Problem = Please work out how many lines in the material below contain the string "AUTO", and answer with that number only.

Material for this exercise =
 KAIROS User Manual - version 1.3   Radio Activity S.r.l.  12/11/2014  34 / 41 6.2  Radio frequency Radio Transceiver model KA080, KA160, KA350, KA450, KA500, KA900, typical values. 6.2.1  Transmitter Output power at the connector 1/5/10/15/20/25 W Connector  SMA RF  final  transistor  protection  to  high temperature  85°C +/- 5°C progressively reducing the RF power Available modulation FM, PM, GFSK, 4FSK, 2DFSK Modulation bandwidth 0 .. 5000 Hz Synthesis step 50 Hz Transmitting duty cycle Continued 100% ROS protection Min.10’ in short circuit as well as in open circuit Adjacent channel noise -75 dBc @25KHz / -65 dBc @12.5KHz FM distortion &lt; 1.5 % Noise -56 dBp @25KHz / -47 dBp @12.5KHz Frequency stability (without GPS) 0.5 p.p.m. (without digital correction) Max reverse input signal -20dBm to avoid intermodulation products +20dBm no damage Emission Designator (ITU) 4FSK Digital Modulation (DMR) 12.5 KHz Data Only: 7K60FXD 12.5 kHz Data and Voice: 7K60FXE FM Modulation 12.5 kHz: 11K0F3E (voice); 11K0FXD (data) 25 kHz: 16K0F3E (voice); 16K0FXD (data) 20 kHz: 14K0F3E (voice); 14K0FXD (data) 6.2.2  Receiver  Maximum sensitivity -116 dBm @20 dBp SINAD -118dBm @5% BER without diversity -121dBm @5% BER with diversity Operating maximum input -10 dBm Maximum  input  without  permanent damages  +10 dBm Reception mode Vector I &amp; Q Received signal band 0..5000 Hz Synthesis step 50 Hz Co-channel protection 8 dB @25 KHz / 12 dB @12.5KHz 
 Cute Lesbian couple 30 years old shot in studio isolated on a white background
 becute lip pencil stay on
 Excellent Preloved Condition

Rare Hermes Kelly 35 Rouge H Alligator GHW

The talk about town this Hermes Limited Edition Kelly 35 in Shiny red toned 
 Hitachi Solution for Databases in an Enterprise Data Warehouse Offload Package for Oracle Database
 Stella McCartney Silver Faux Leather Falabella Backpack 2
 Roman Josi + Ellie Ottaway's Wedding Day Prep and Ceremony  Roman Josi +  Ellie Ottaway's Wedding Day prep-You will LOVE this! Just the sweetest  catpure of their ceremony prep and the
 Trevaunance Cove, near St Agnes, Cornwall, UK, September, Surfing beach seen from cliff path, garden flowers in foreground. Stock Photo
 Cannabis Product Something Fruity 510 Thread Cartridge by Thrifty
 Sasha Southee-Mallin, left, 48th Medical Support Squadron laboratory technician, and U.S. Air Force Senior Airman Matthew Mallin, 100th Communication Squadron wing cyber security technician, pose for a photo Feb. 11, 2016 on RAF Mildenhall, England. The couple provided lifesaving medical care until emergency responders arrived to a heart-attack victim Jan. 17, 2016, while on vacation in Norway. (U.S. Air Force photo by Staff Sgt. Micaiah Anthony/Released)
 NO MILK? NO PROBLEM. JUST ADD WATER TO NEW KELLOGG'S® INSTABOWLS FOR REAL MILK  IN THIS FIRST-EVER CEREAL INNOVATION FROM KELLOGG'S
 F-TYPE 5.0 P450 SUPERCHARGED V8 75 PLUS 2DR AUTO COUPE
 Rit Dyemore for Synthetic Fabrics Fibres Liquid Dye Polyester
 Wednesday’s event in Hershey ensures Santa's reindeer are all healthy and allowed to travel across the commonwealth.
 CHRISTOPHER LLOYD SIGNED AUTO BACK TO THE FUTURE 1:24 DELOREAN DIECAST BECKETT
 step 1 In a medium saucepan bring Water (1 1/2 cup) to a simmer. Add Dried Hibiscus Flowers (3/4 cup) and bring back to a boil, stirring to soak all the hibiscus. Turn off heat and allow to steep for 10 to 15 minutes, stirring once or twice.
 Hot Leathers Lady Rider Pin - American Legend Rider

Response = 2